Since Pokemon TCG Pocket decks are so small — 20 cards — there’s not a lot of room for creativity; typically from the very first card your opponent flips, you know everything about the deck they are playing.
Shining Revelry introduced, besides shinies, a bunch of new EX cards, chief among them, Giratina EX. Giratina conjures psychic energy out of thin air. Darkrai EX damages the opponent whenever it takes dark energy from the energy pool (the only kind of energy). Druddigon is there to stand in the active spot and just exist. We don’t have fire or water energy, so it will never attack.

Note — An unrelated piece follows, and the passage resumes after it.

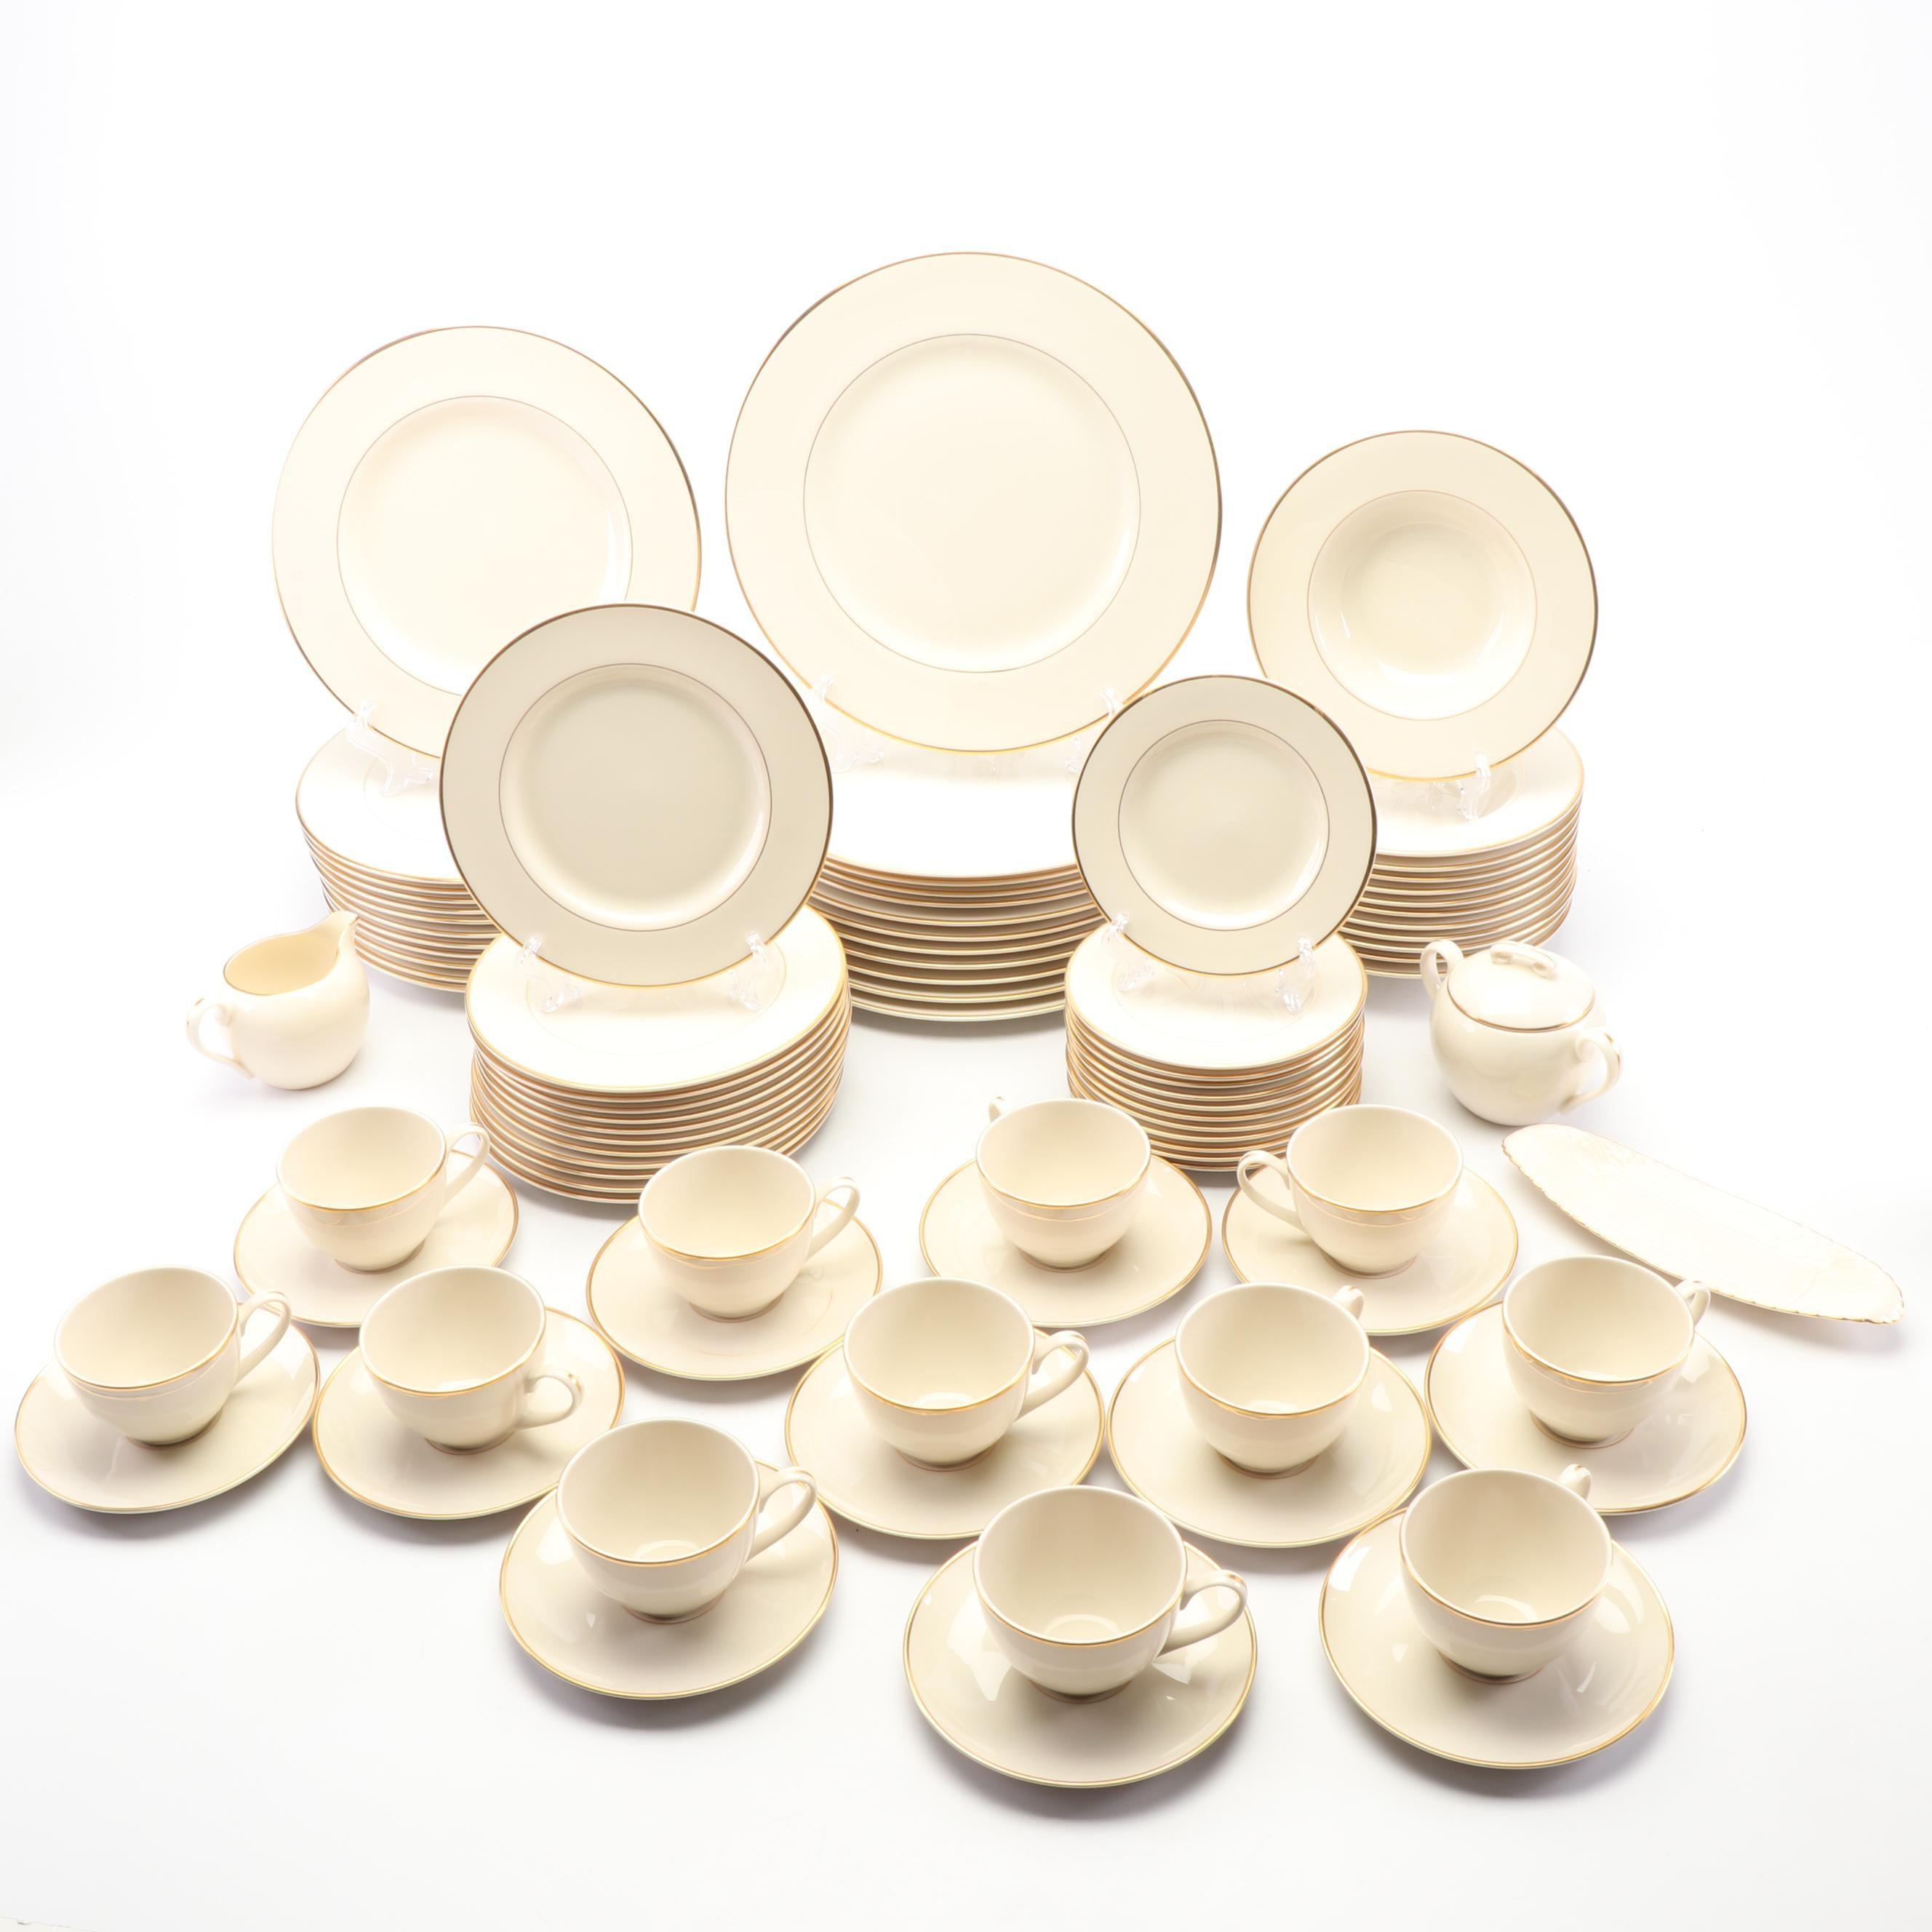 "Pickard Gilt Trimmed Bone China Dinnerware and Lenox ""Olympia"" Serveware"

It just punishes attackers, and if you have the Rocky Helmet upgrade, it will return 40 damage with each hit, and Shaymin (we have no leaf power either) can passively heal every damaged Pokemon for a small amount.
The deck just powers up Giratina EX and Darkrai EX on the bench while Druddigon buys time. It’s a very technical deck and I love it.
A Dark Room
You’re going to want to play this game.
“A Dark Room” is hard to describe. Much like a painting, perhaps, with a stroke here and a stroke there and from a simple start — you find yourself alone, in the middle of a forest, in a hut, and you start a fire to save yourself from dying in the cold. As you play, more locations open up; a Silent Forest where you can find firewood. A stranger stumbles in and is a builder, and now you can build huts and more people come. Suddenly the game is a survival crafting game, and still you’re just seeing the calm text interface. And then it’s a worker placement game. And then the game opens up even more, and now it’s a roguelike. And now it’s Fallout and the plot is really opening up and it’s still all just text.
That’s a new game up in the picture. A screenshot of my current game would be full of too many spoilers. I need you to go play this.
I played Arcade Paradise for a while but it was just a bit too slow to get going and I drifted away. I was spending too much time doing laundry! And pulling wads of gum off things… ewww.
I believe there’s a VR version out there, too.
You’re supposed to just ignore the laundry after awhile, but it DEFINITELY gets old REAL FAST.